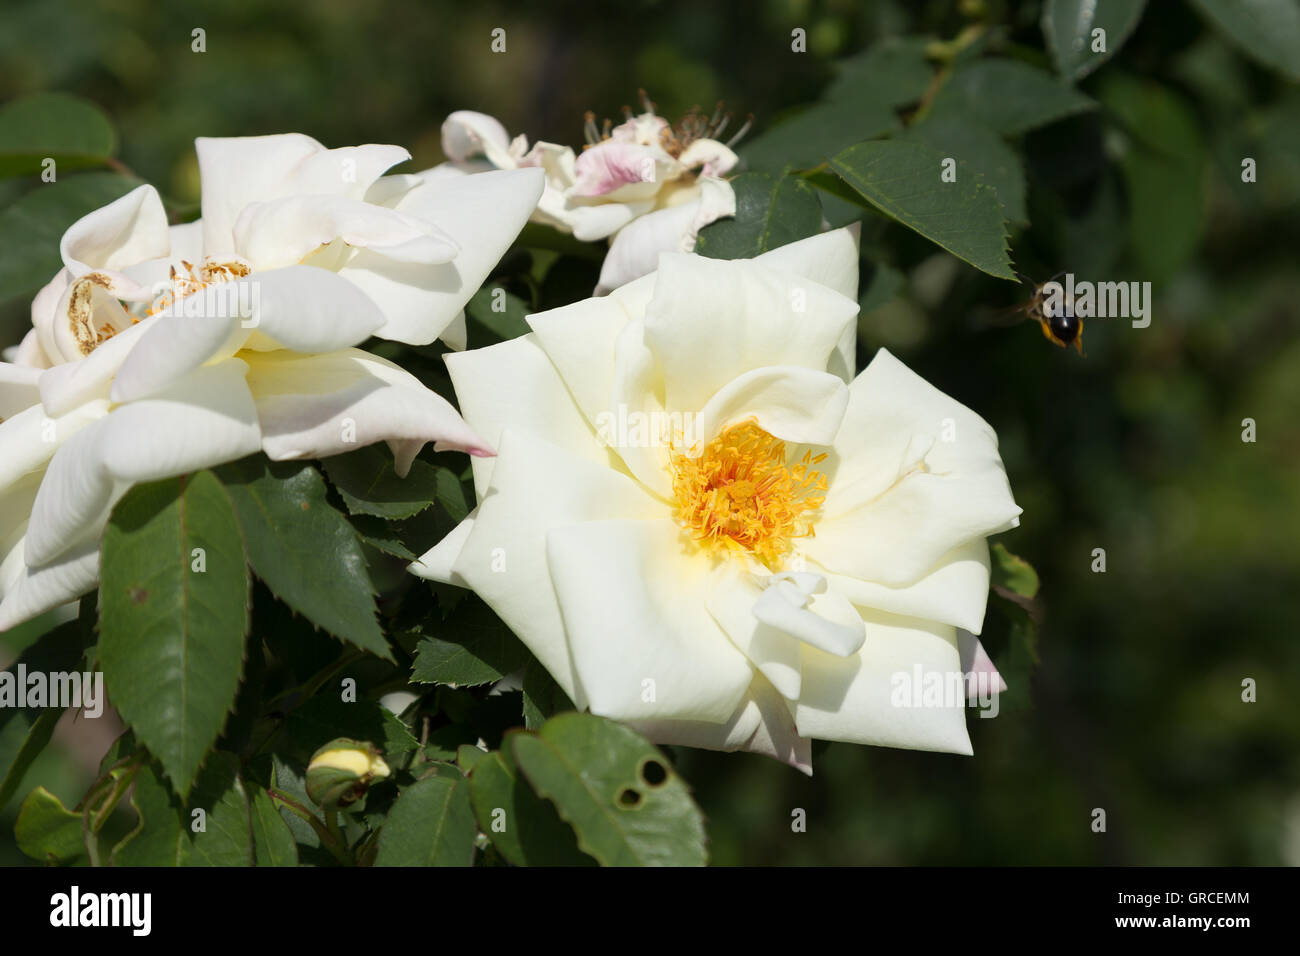 Yellow-White Peasant Rose Blossom With A Bee Approaching Stock Photo
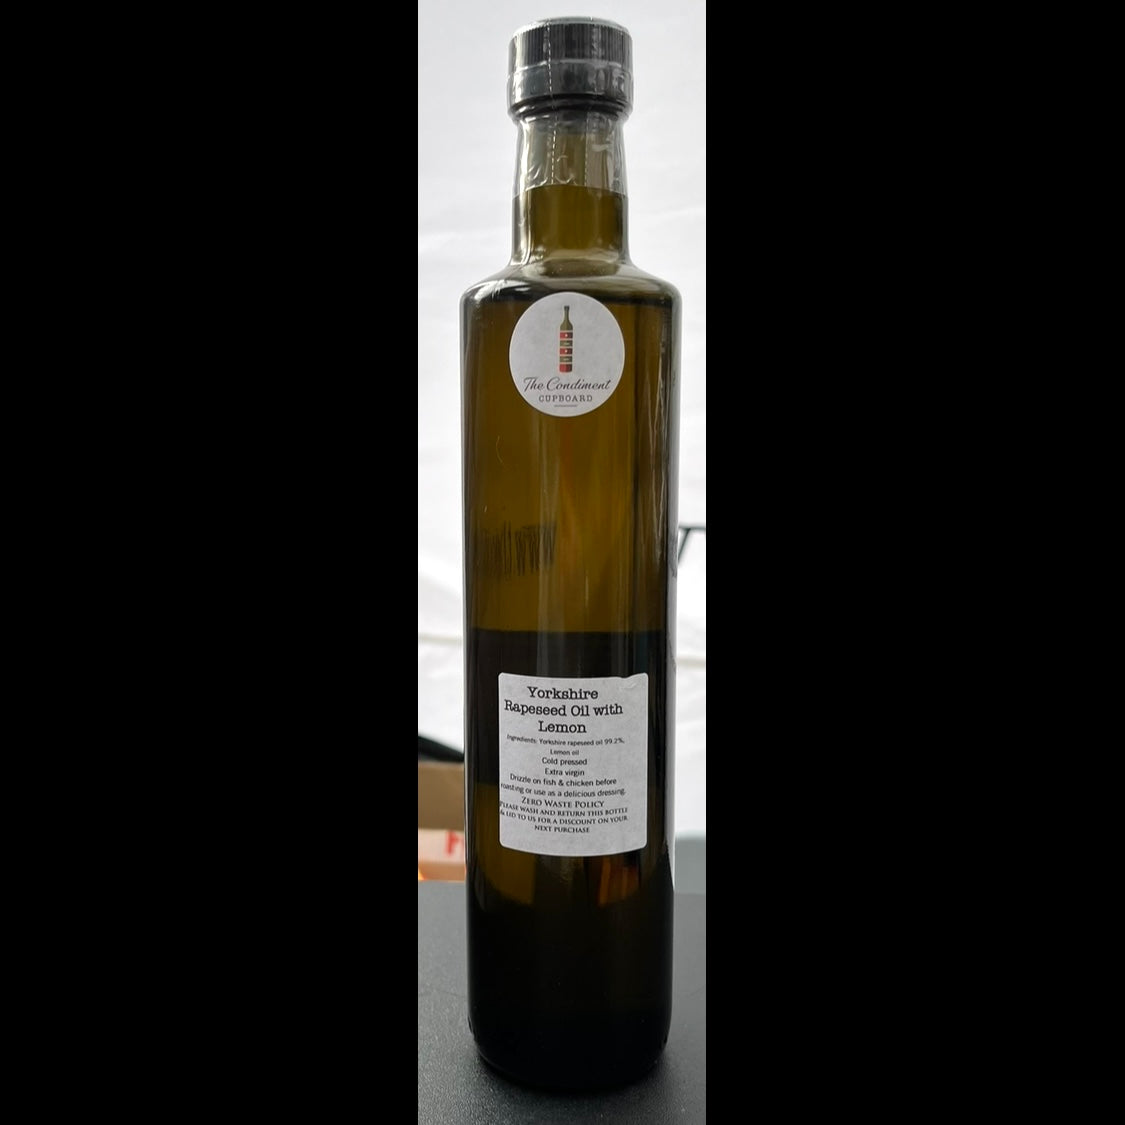 Yorkshire Rapeseed Oil with Lemon
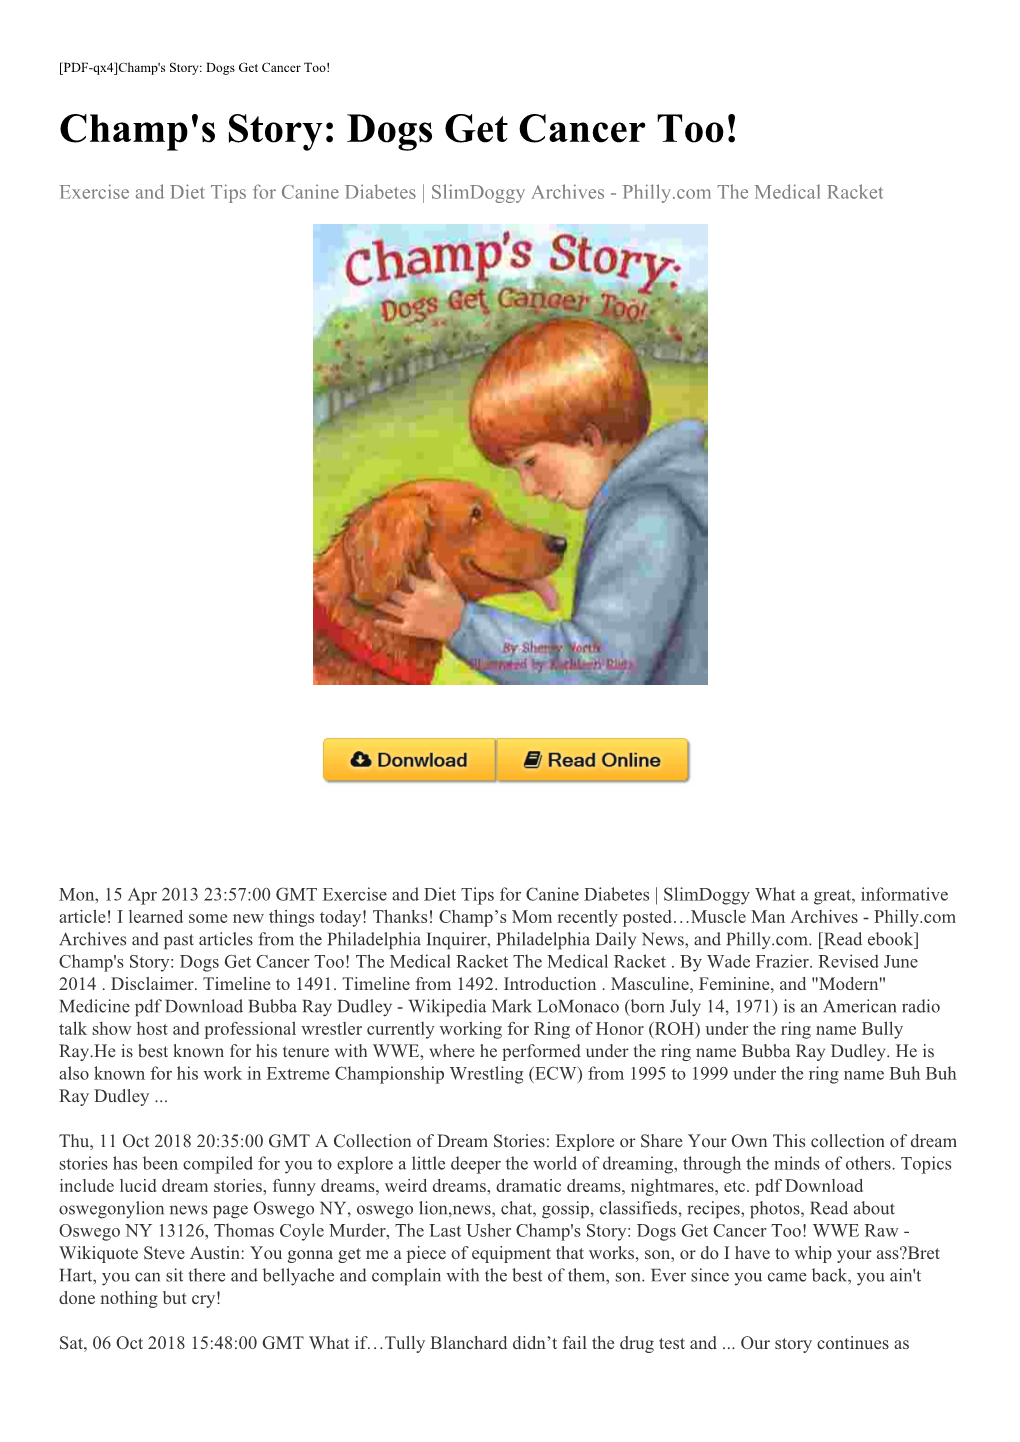 [Read Ebook] Champ's Story: Dogs Get Cancer Too! the Medical Racket the Medical Racket

• • • • • • •

EXERCISE. Would you repeat the listing word for word and skip every picture?

WRITTEN SOLUTION.
 Yellow-White Peasant Rose Blossom With A Bee Approaching Stock Photo
 Yorkshire Rapeseed Oil with Lemon
 [Read Ebook] Champ's Story: Dogs Get Cancer Too! the Medical Racket the Medical Racket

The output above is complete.